Convergence Rate Analysis of a Dykstra-Type Projection Algorithm

Given closed convex sets 𝐶𝑖, 𝑖=1,…,ℓ, and some nonzero linear maps 𝐴𝑖, 𝑖=1,…,ℓ, of suitable dimensions, the multiset split feasibility problem aims at finding a point in ⋂ℓ𝑖=1𝐴−1𝑖⁢𝐶𝑖 based on computing projections onto 𝐶𝑖 and multiplications by 𝐴𝑖 and 𝐴𝑇𝑖. In this paper, we consider the associated best approximation problem, i.e., the problem of computing projections onto ⋂ℓ
𝑖=1𝐴−1𝑖⁢𝐶𝑖; we refer to this problem as the best approximation problem in multiset split feasibility settings (BA-MSF). We adapt the Dykstra’s projection algorithm, which is classical for solving the BA-MSF in the special case when all 𝐴𝑖=𝐼, to solve the general BA-MSF. Our Dykstra-type projection algorithm is derived by applying (proximal) coordinate gradient descent to the Lagrange dual problem, and it only requires computing projections onto 𝐶𝑖 and multiplications by 𝐴𝑖 and 𝐴𝑇𝑖 in each iteration. Under a standard relative interior condition and a genericity assumption on the point we need to project, we show that the dual objective satisfies the Kurdyka-Łojasiewicz property with an explicitly computable exponent on a neighborhood of the (typically unbounded) dual solution set when each 𝐶𝑖 is 𝐶1,𝛼-cone reducible for some 𝛼∈(0,1]

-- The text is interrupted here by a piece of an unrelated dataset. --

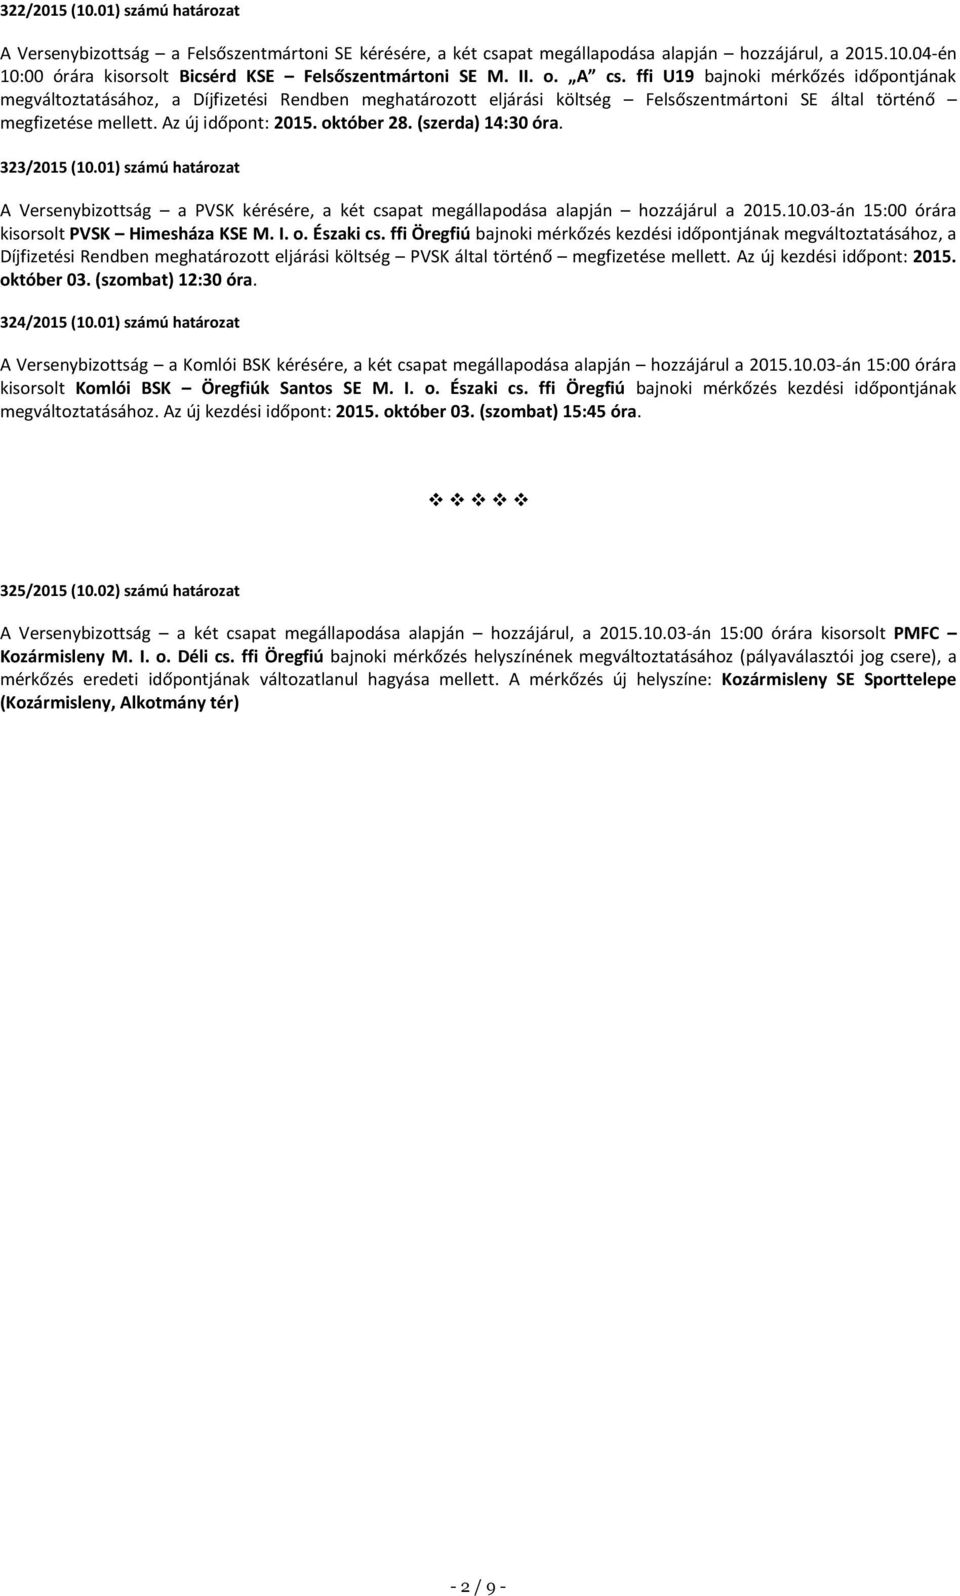 október 28. (szerda) 14:30 óra. 323/2015 (10.01) számú határozat A Versenybizottság a PVSK kérésére, a két csapat megállapodása alapján hozzájárul a 2015.10.03-án 15:00 órára kisorsolt PVSK Himesháza KSE M.
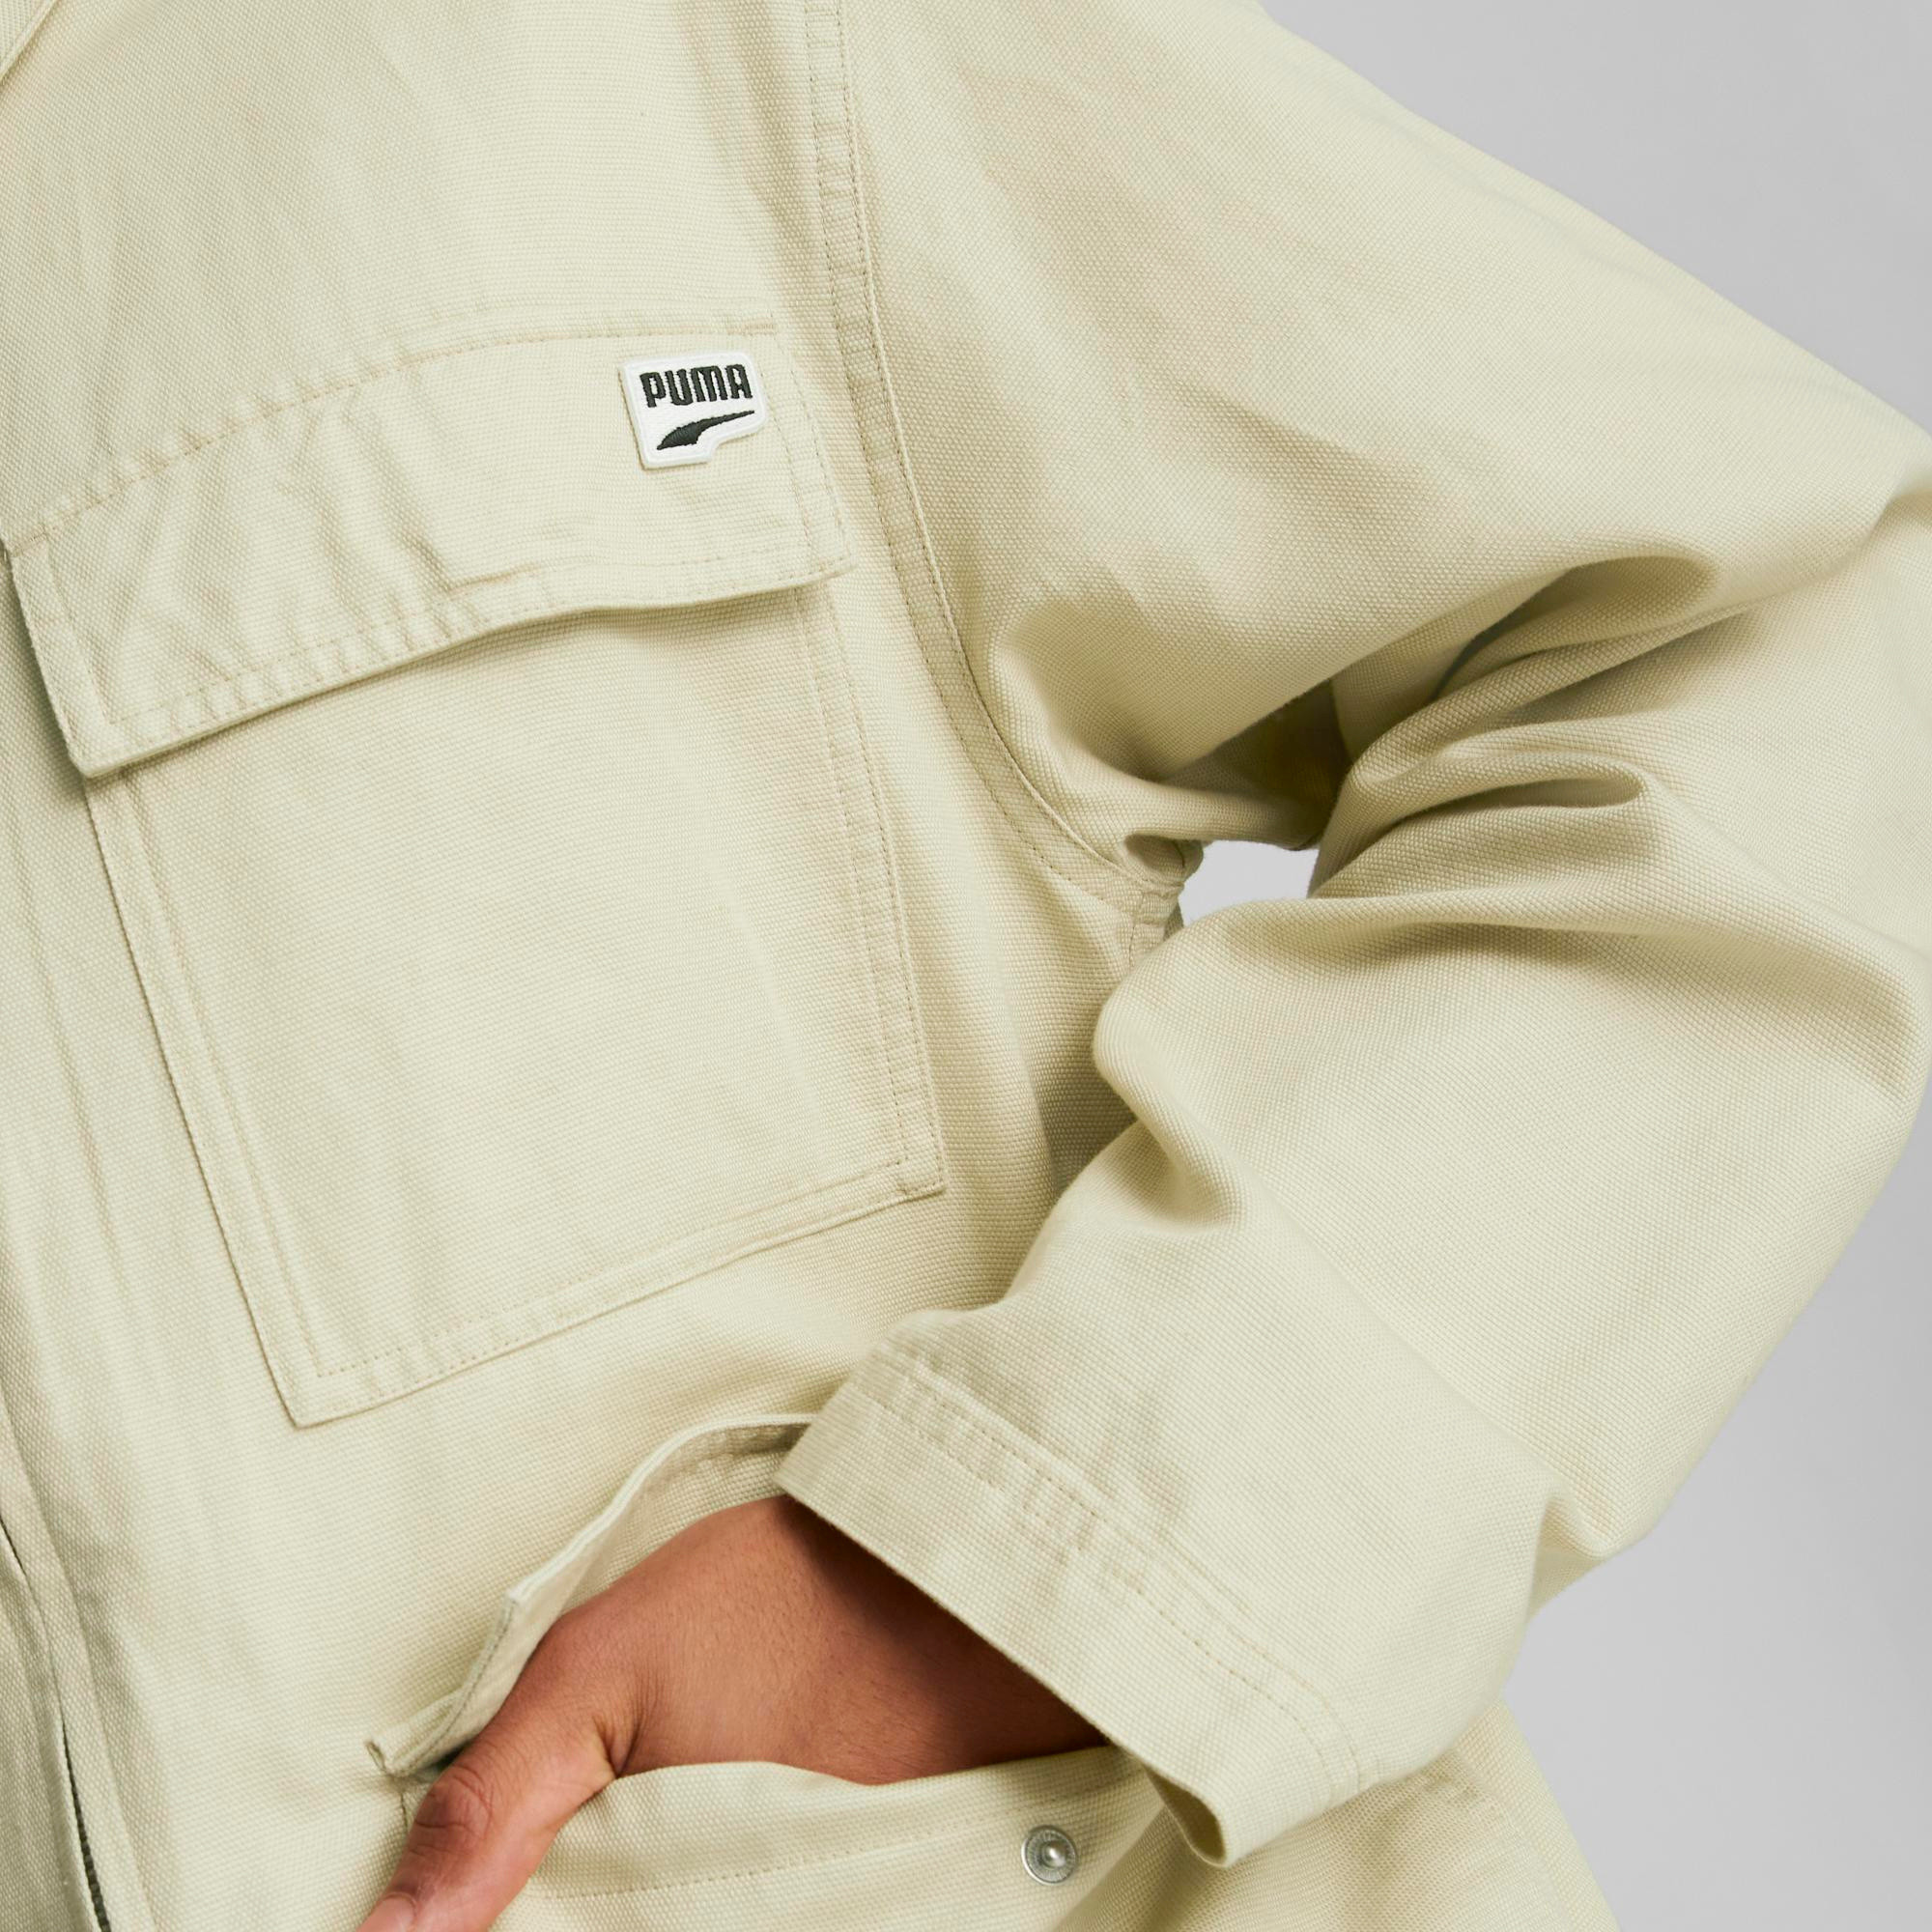 Puma - Jacket with pockets, Light Beige, large image number 2

: this class of sets covers the class of 𝐶2-cone reducible sets, which include all polyhedrons, second-order cone, and the cone of positive semidefinite matrices as special cases. Using this, explicit convergence rate (linear or sublinear) of the sequence generated by the Dykstra-type projection algorithm is derived. Concrete examples are constructed to illustrate the necessity of some of our assumptions.